The hosted server is read-only and returns query_data results inline (up to ~50 MB), so large results can’t come back in the conversation. To get large data, call export_query: on the hosted server it returns a time-limited download link to the full result, which you fetch out-of-band (e.g. with curl) — the link needs no token, so treat it like a password. The local server below instead writes export_query output to a file on your machine.
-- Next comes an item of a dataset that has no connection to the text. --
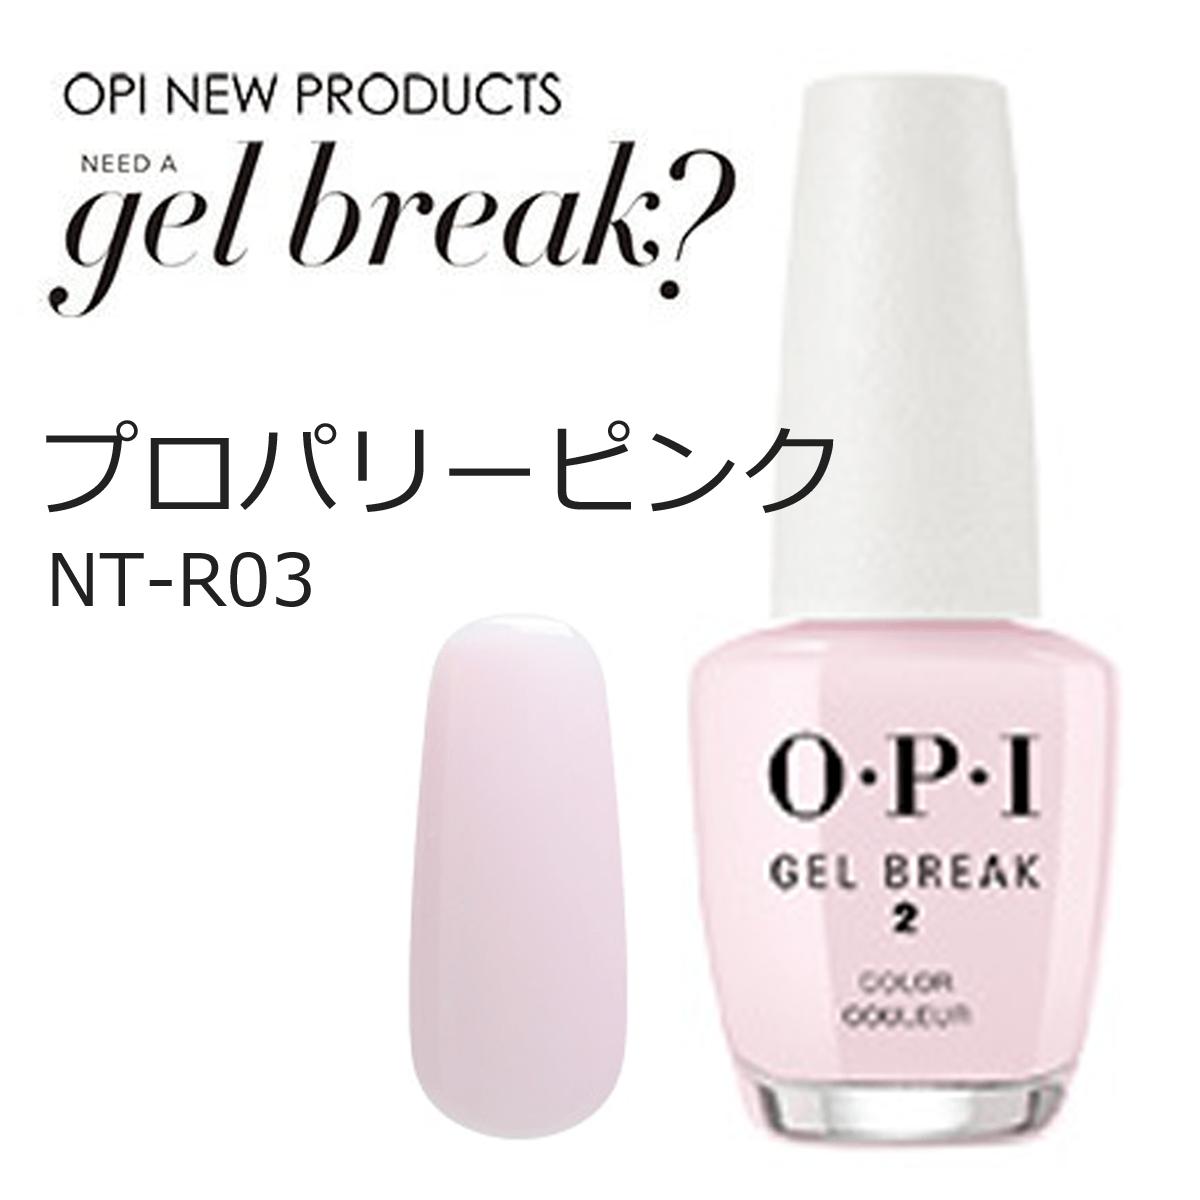 OPI ジェルブレイク ネイルラッカー プロパリー ピンク NTR03 15ml 美爪 凹凸 半透明カラー ムラになりにくい

For full read/write, and to have export_query write results straight to a file on your machine (NetCDF, Parquet or CSV) rather than return a download link, run the server locally:

{
"mcpServers": {
"oceanum-datamesh": {
"command": "uvx",
"args": ["--python", "3.13", "oceanum-mcp", "datamesh"],
"env": { "DATAMESH_TOKEN": "your-token-here" }
}
}
}

This requires uv on your PATH. The --python 3.13 argument has uv run the server on Python 3.13 (downloading it if needed), as some of the server’s dependencies don’t yet install on Python 3.14. After saving, open Cursor’s Settings → MCP to confirm the server is connected and its tools are listed.

Your Datamesh token grants access to all of your organisation’s permissioned datasources — including the ability to modify or delete them. Treat it as a secret, and prefer the hosted read-only server for exploratory use.